游书朗上车时,闻到车里有股清新花香,混着熟悉胭脂味。
“买了花?”他问。
“嗯,早上路过花市,觉得好看就买了。”樊霄递给他一个保温杯,“热茶,提神。”
游书朗接过,茶杯温度透过掌心传来:“谢谢。”
高尔夫球场在郊外,风景很好。张总已经到了,看到他们笑着招手。让游书朗意外的是,诗力华也在,正悠闲坐遮阳伞下喝咖啡。
“诗先生?”游书朗有些惊讶。
诗力华起身,微笑着伸手:“游主任,真巧。樊霄说今天来打球,我就跟着来凑热闹了。”
他的握手坚定有力,目光在游书朗脸上停留片刻,转向樊霄时交换了一个难以察觉的眼神。
打球时,诗力华很自然走在游书朗身边。他球技好,但更引人注意的是他那种漫不经心的优雅——每个动作都恰到好处,既不刻意也不随意。
“游主任最近见过薛保添吗?”诗力华忽然问,声音不高。
游书朗摇头:“没有,上次之后就没见过了。”
“那就好。”诗力华推杆进洞,直起身,“他最近在打听你的事,我让人拦了几次。不过还是小心点好。”
游书朗皱眉:“他到底想干什么?”
“他?”诗力华笑了笑,那笑容有些冷,“薛大少爷想要的东西,从来都是不择手段要得到。不过他这次踢到铁板了。”
“什么意思?”
诗力华看向不远处的樊霄:“有人明确警告过他,离你远点。”
游书朗顺他目光看去,樊霄正在和张总说话,侧脸线条冷硬。他似乎察觉到视线,转过头来,看到游书朗时眼神立刻柔和下来。
“樊霄做了什么?”游书朗问。
“没什么,就是让薛保添明白,动你会有什么后果。”诗力华说得轻描淡写,但游书朗听出了话里的深意。
他忽然想起樊霄说过的话:“这个世界不像你想的那么单纯。”
“诗先生,”游书朗看诗力华,“你和樊霄,在泰国到底经历过什么?”
诗力华动作顿了一下。他摘下太阳镜,露出那双锐利的眼睛:“他还没告诉你?”
“告诉我什么?”
诗力华盯他看几秒,忽然笑了:“那就等他亲自告诉你吧。有些事,我说不合适。”
他重新戴上太阳镜:“不过我可以告诉你一点——樊霄为了你,什么都能做。好的,坏的,合法的,不那么合法的。所以薛保添那点手段,在他眼里根本不值一提。”
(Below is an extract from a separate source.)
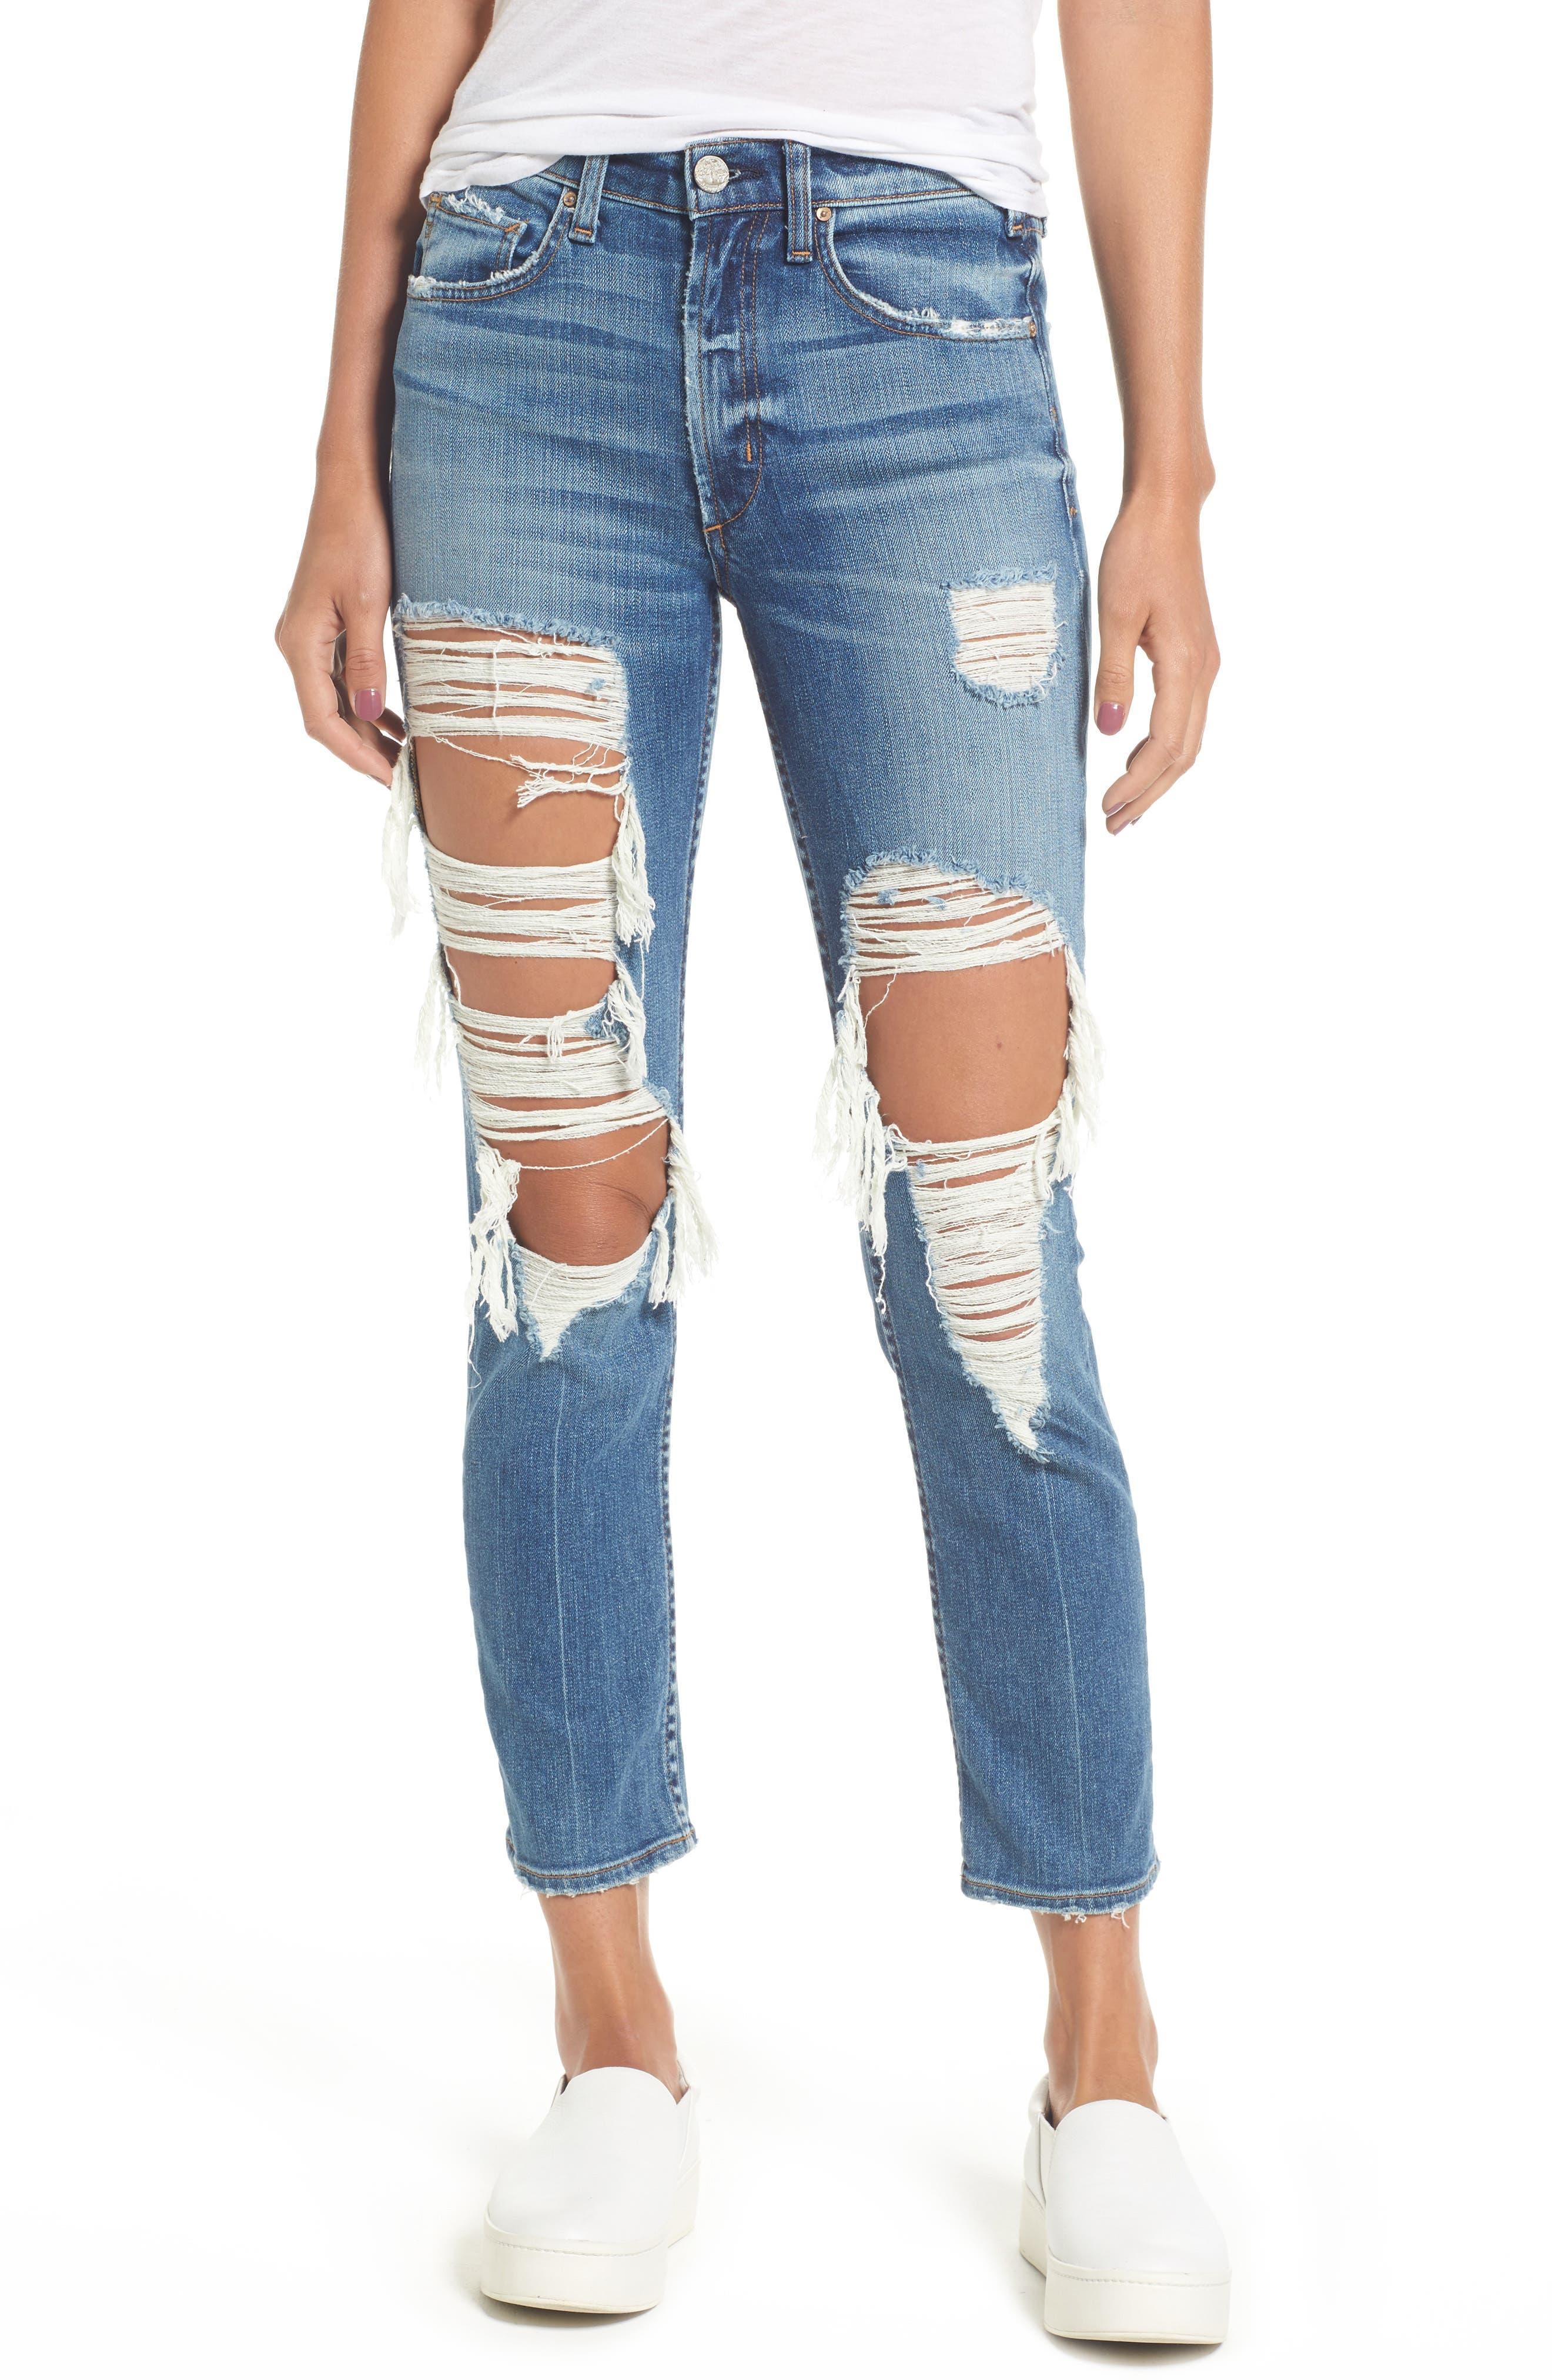 Alternate Image 1 Selected - McGuire Windsor Destroyed High Waist Straight Leg Jeans

这话让游书朗心头一震。他想问更多,但张总和樊霄已经走过来了。
“你们聊什么呢?”张总笑着问。
“聊球技。”诗力华自然地接话,“游主任打得不错,就是心事太重,影响了发挥。”
樊霄看向游书朗,眼中有关切。游书朗移开视线,专注下一杆。
打球结束后,张总有事要先走。诗力华也起身告辞:“我晚上还有个局,先撤了。游主任,下次有机会再一起打球。”
他离开后,游书朗和樊霄在俱乐部餐厅吃午饭。
“诗力华跟你说什么了?”樊霄问得直接。
“说薛保添在打听我,说你警告了他。”游书朗看樊霄,“你还做了什么?”
樊霄沉默一会儿:“我让力华去查了薛保添。他手上不干净,有几个把柄。我让人暗示他,如果再靠近你,那些东西就会出现在他父亲的办公桌上。”
游书朗握紧水杯:“这是威胁。”
“是保护。”樊霄纠正,“书朗,我知道你觉得这过分了。但对付薛保添这种人,温和的手段没用。他只会觉得你好欺负。”
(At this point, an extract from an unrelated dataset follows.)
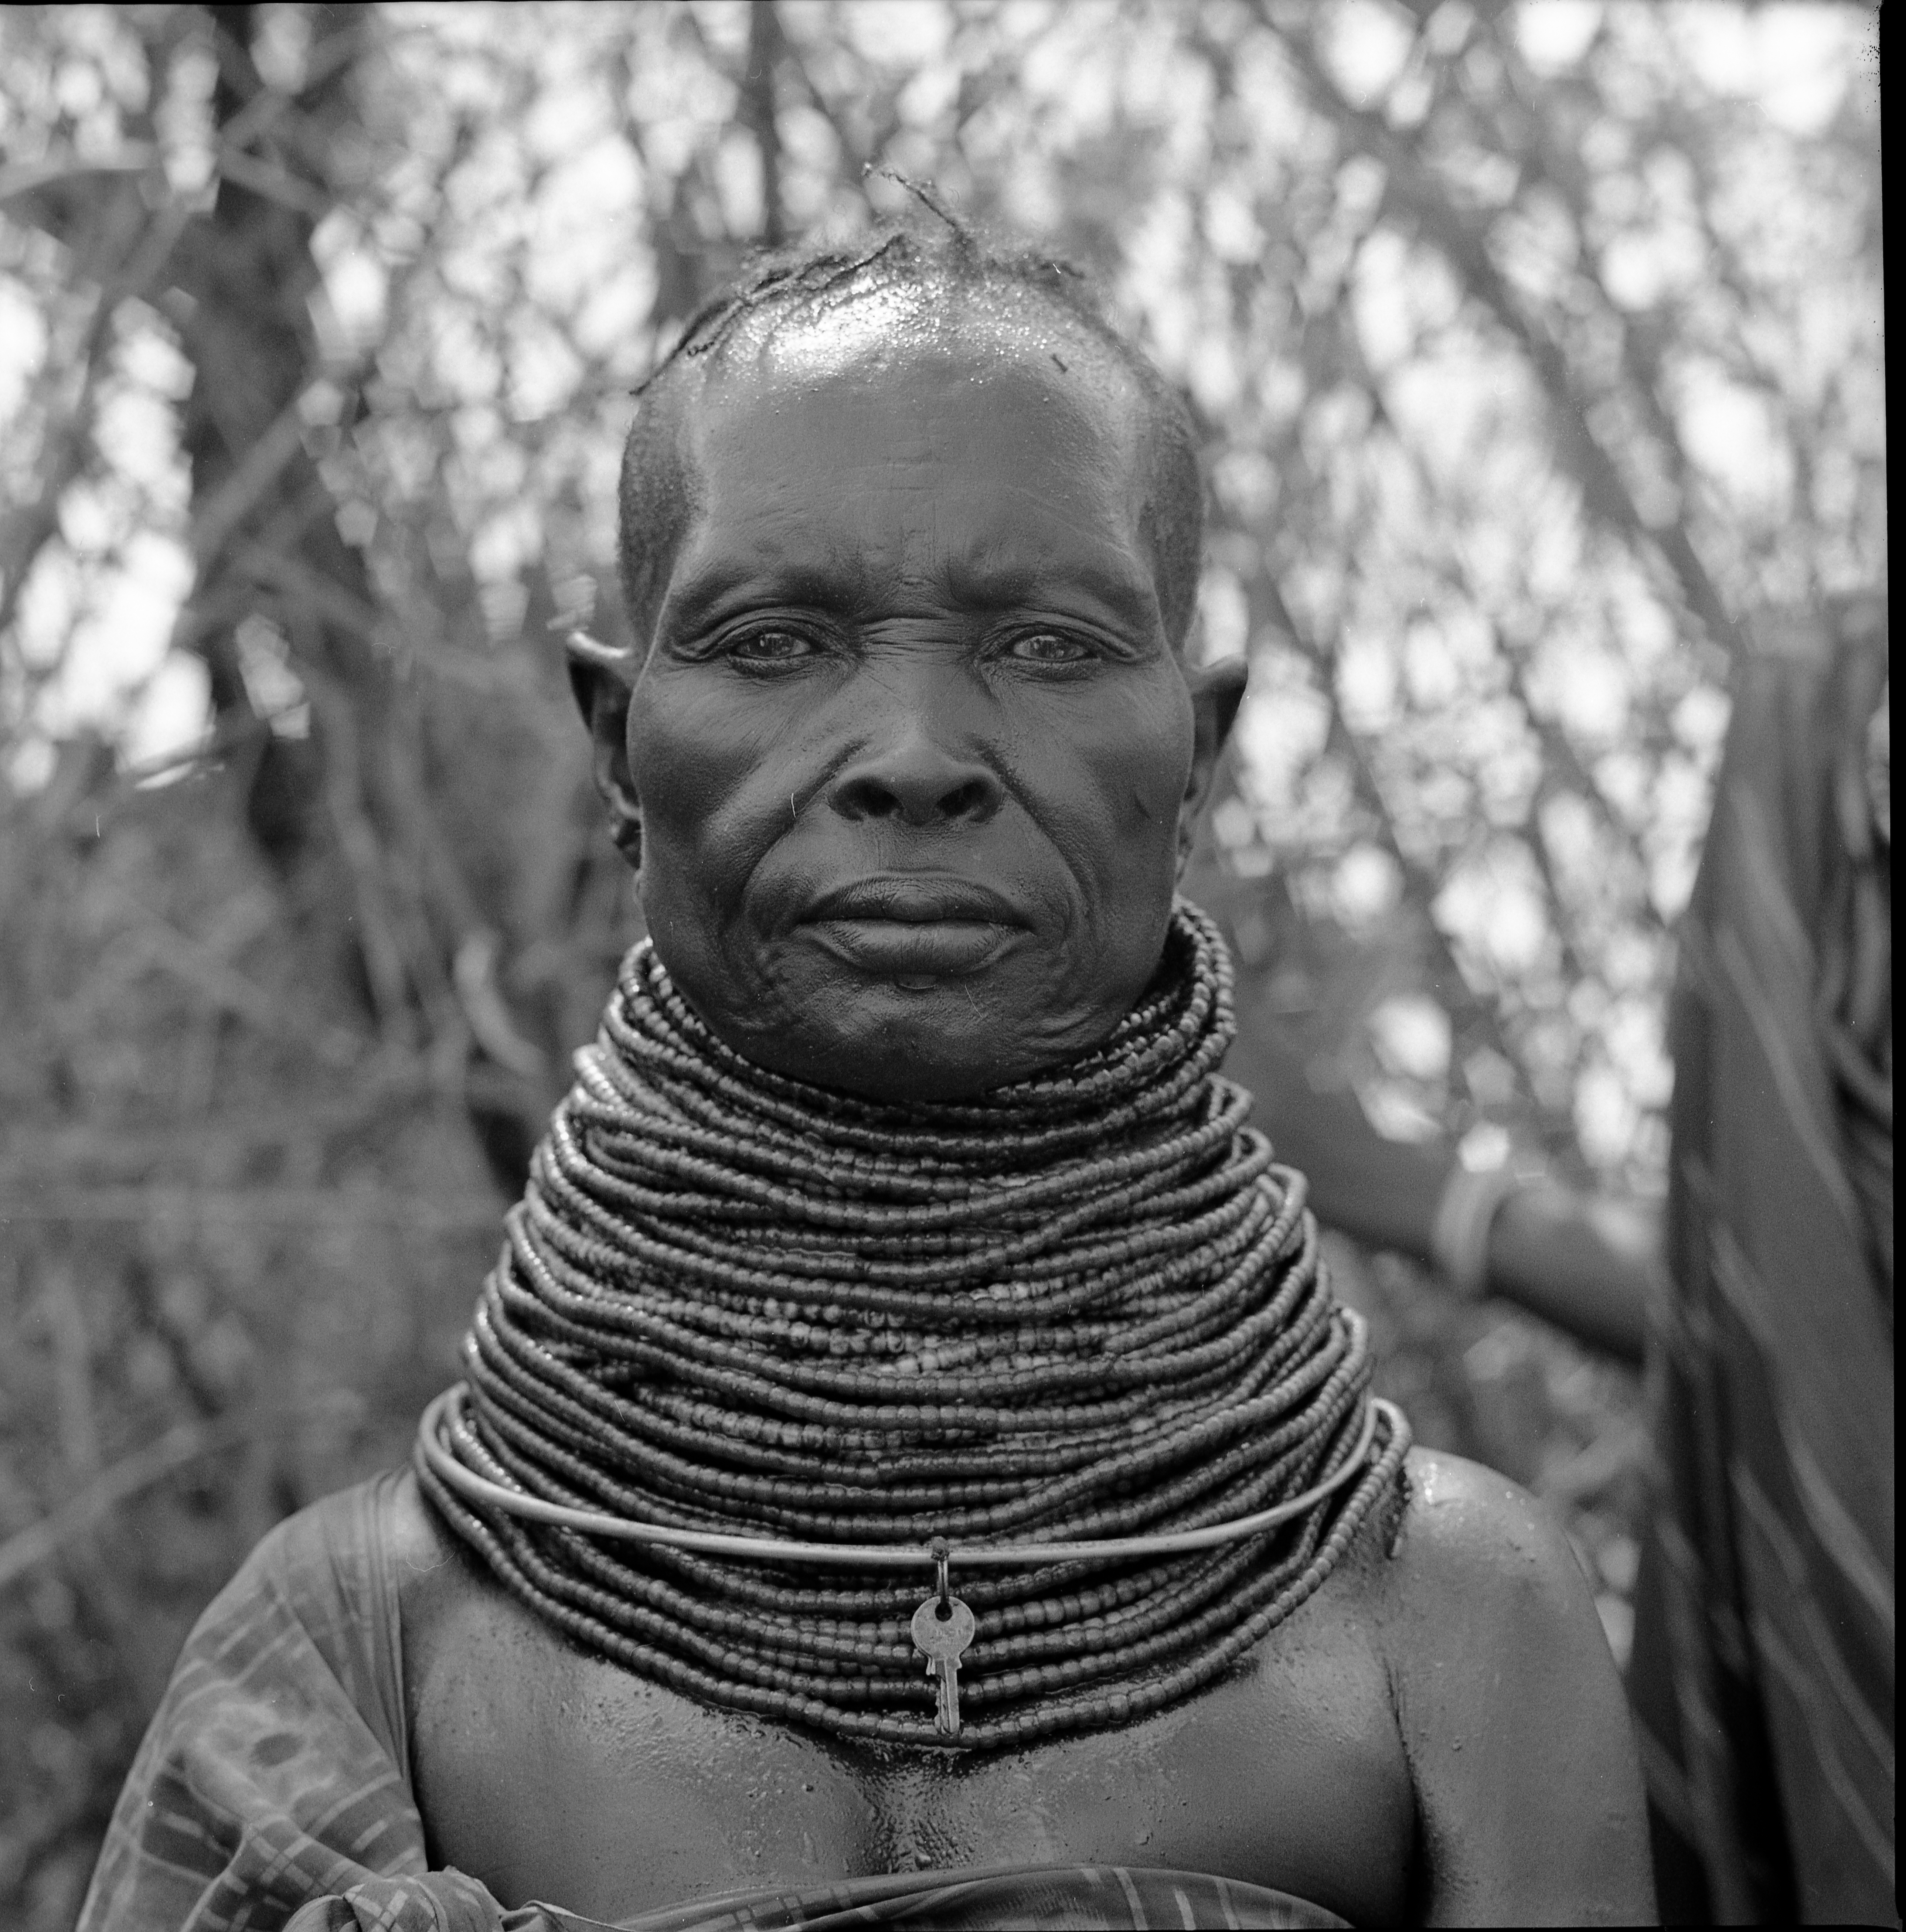 Arot Lokuruka

“我不是孩子,樊霄。”游书朗声音有些冷,“我能处理自己的事。”
“我知道。”樊霄声音软下来,“但我做不到袖手旁观。前世我……”他停住了,深吸一口气,“总之,我不能看着你陷入危险。”
又是前世。游书朗感到一阵烦躁——不是对樊霄,而是对那种无法理解却又无法否认的深情。
“樊霄,”他最终说,“给我一点空间,好吗?”
樊霄表情僵了一下,然后点头:“好。对不起,我越界了。”
这声道歉说得真诚,游书朗的心软了下来。他知道樊霄是关心他,只是方式太过强势。
午饭后,樊霄送游书朗回公司取车。到停车场时,游书朗正要下车,樊霄叫住他。
“这个给你。”他递过来一个小盒子。
游书朗打开,里面是一条银质项链,吊坠是个小小烟盒造型,精致得可以打开,里面甚至能放一两支迷你香烟。
“太贵重了。”游书朗说。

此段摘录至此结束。